I don't know if my dog is picky or sometimes she just doesn't feel like eating but she's on and off with her desire to eat. I put garlic in her food to entice her to eat and, by recommendation from the vet, have started soaking it down since apparently some dogs like it like that. *Shrugs* I mean, she's been eating it so I guess it's working... although, this could just be one of her "hungry weeks."


----------



## UConnGSD (May 19, 2008)

Wolfie's very picky too. That's why I buy only the small bags of kibble (< 5 lbs). He's very enthusiastic in the beginning and then kind of like what sprzybyl says about her dog. I am beginning to think this is a breed thing. All of the GSDs that I have known personally in my life so far were picky eaters. One thing is guaranteed though -- he will never be a piggy.


----------



## Doc (Jan 13, 2009)

I have a gsd that is extremely picky. I have another that will eat anything/everything. I use to worry about my one picky eater when she would nibble for 5 or 6 days. She maintained her weight and energy level just fine. I started feeding her way less and she started feeding more regular. She eats 1/2 of what she use to but is very healthy and active. It use to bother me to no end, but now I just know she will eat when she is hungry.


----------



## Lauri & The Gang (Jun 28, 2001)

Guess I've been lucky. None of my GSDs (4 deceased, 1 current) have been what I would call picky eaters or have sensitive stomachs.


----------



## BlackGSD (Jan 4, 2005)

> Originally Posted By: RavenSophi I mean you can put anything in front of a Great Dane/Maltese/Boerboel and they'll slobber it up!


.

All of the GSDs I have ever had were like this.^


----------



## Lucy Dog (Aug 10, 2008)

Stop giving that egg. Youre giving the option to eat somethign like they better than their kibble so theyre going to eat what they like. Just feed the kibble with some water if you'd like to make it a little more appealing and thats it. 

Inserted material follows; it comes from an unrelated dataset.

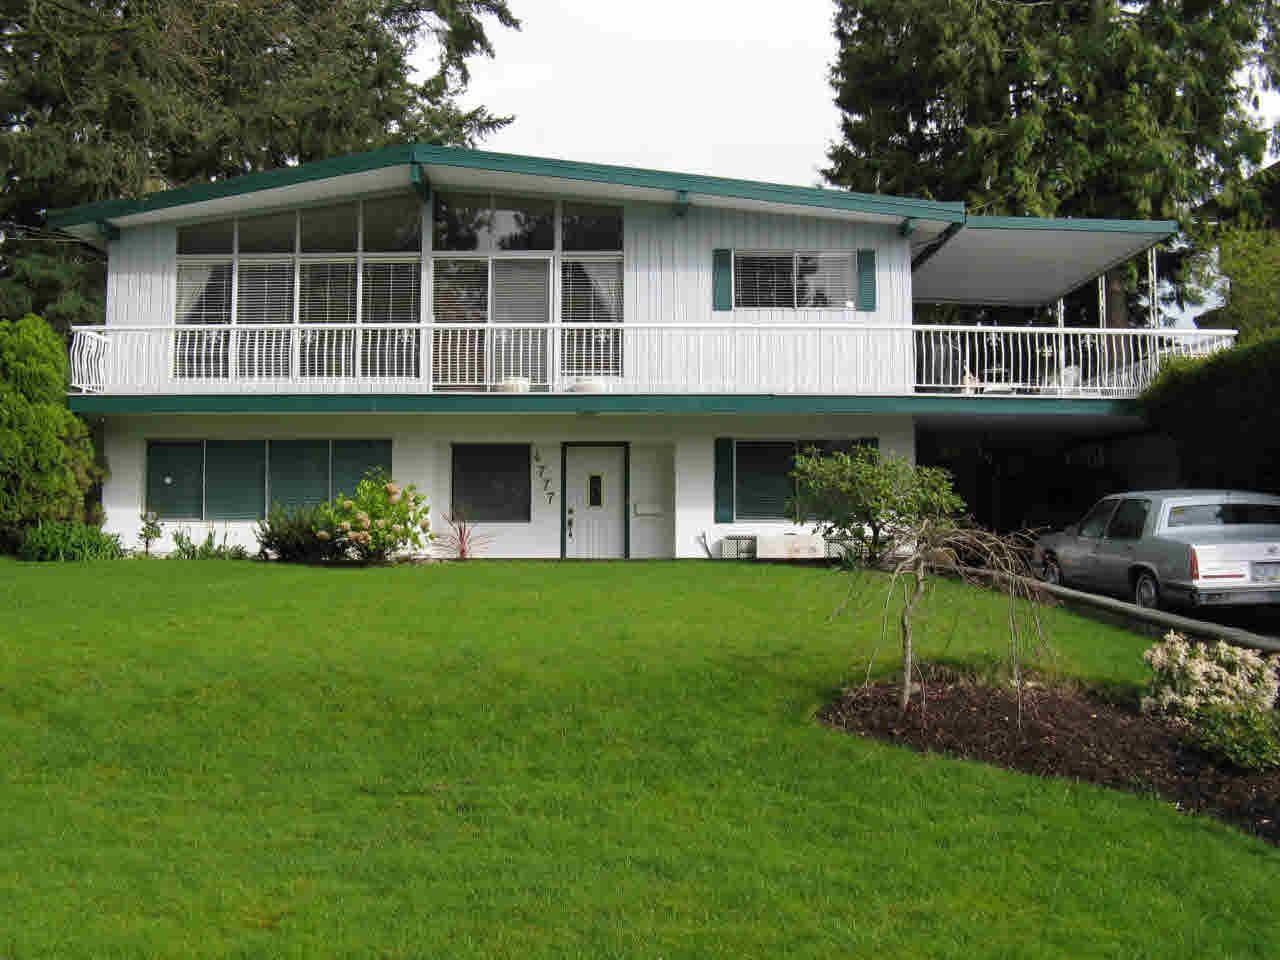 Main Photo: 4777 NEVILLE STREET in : South Slope House for sale : MLS®# V818996

When you feed just put the food bowl down and give your dog 10 minutes to eat and if he doesnt want anything, pick the bowl up and don't give him the option to eat until the next meal time comes around. Do this at the same time every day - dogs love routines. 

If you have a healthy dog, they will not starve themselves and will eventually start eating. This will get your dog to eat when meal time comes. If he doesnt eat after some time, it's vet time. It worked with my picky eater, now shes a vacuum cleaner when meal time comes.


----------